Coming back to present day and the time of writing this article, news has spread of how Bowie, in the knowledge of being diagnosed with liver cancer, kept working and intended the recently released album ‘Blackstar’ to be his swansong. With quite a few lines revolving around his impending death, the album serves as a final goodbye to his listeners, acting as further proof of his indomitable spirit and passion towards his craft. I sit here now, struggling to define the man who unlocked the door to a never-ending road and asked one to be as mad as possible, as deviant as imaginable. I ask – Can one define the man who bore testimony to the fact that if one stands for what one strongly believes in, there remains no need to defend oneself?

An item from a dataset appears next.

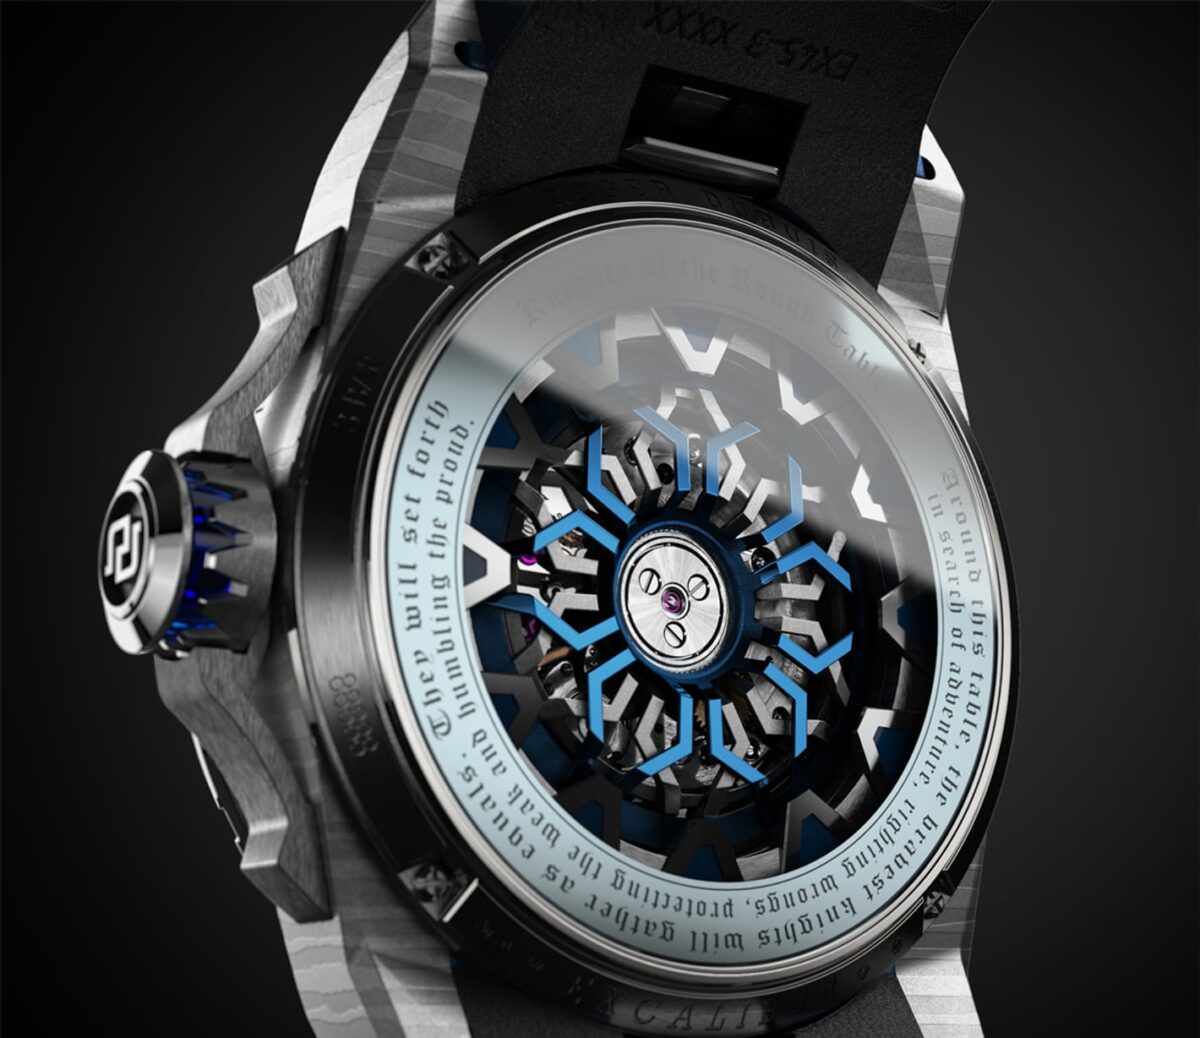 ad57e9f549a62f2f8ab60ec 1 Knights of the Round Table watch "Fire and Ice"
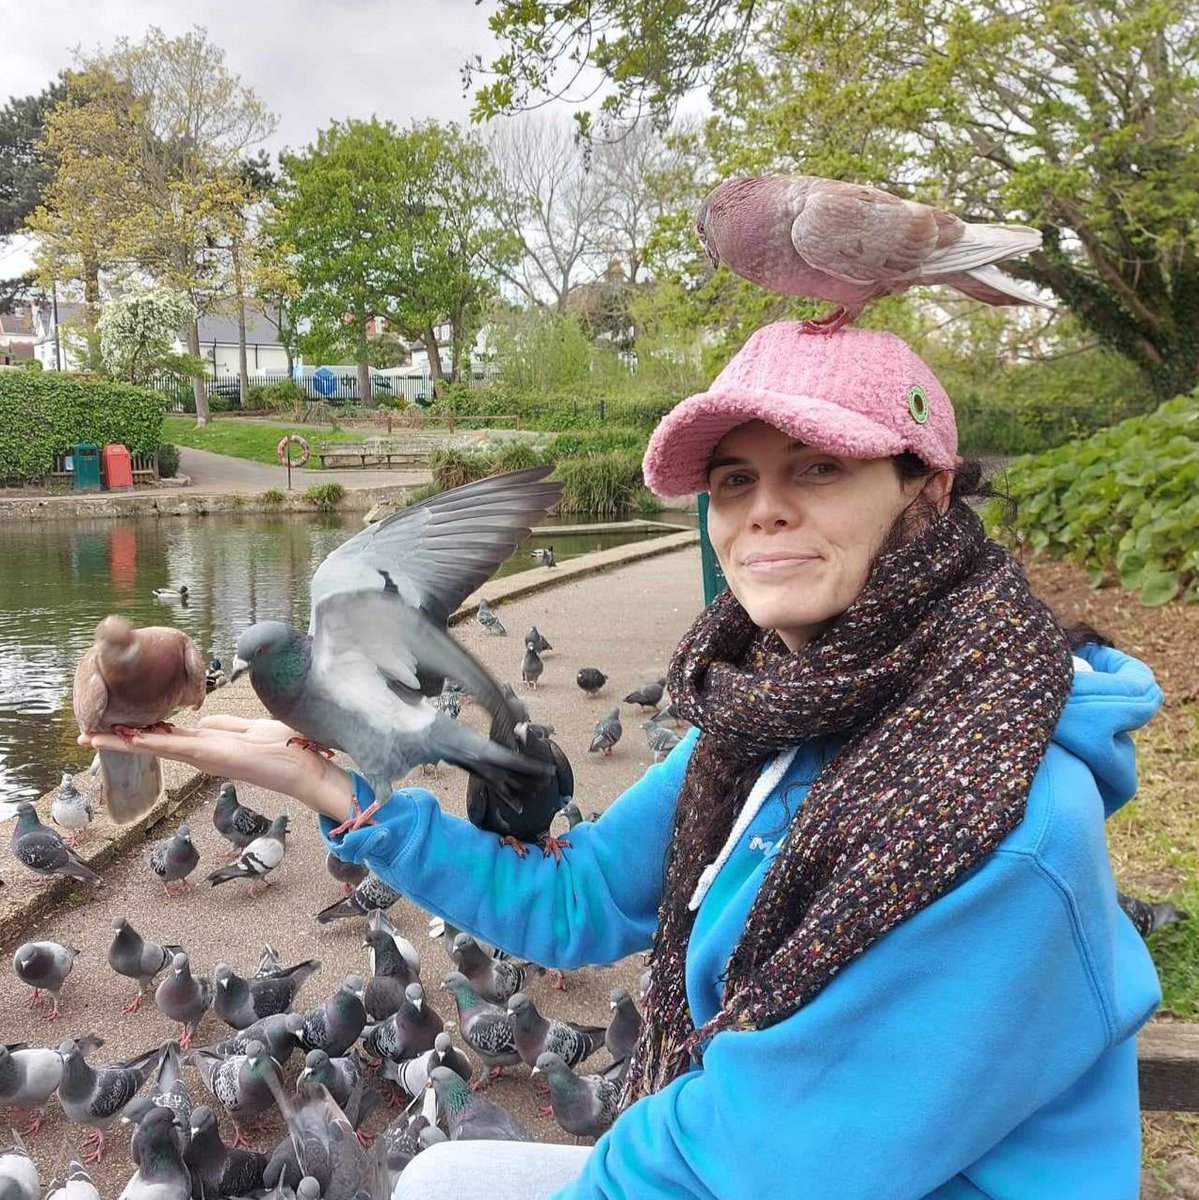 The pigeon on my head is called Cappuccino. She is the only one who stayed after all the bread was gone. Be like Cappuccino. 💗

Should one even need to? If you ask me, all I will say on the matter is that the legacy Bowie left behind is a supernova of infinite eccentricities giving birth to a million stars shooting themselves in every possible direction, leaving behind a trail of dust, that will go on to enlighten the lives of those it touches.
As I type these last few words, my lasting visual is that of Ziggy claiming his stage once again as he so loved to do, amidst a cheering crowd and spotlights. As he walks to the centre stage, the lights go out, casting a hollow darkness and in that moment – the silence becomes louder than the cheers. Suddenly a spotlight is cast upon the man standing tall, arching his brows and giving away a smile from the corner of his lips…and then…Ziggy plays guitar!
I leave you with a Bowie quote which perfectly sums up my feelings towards this moment –
“The truth is, of course, that there is no journey. We are arriving and departing all at the same time.”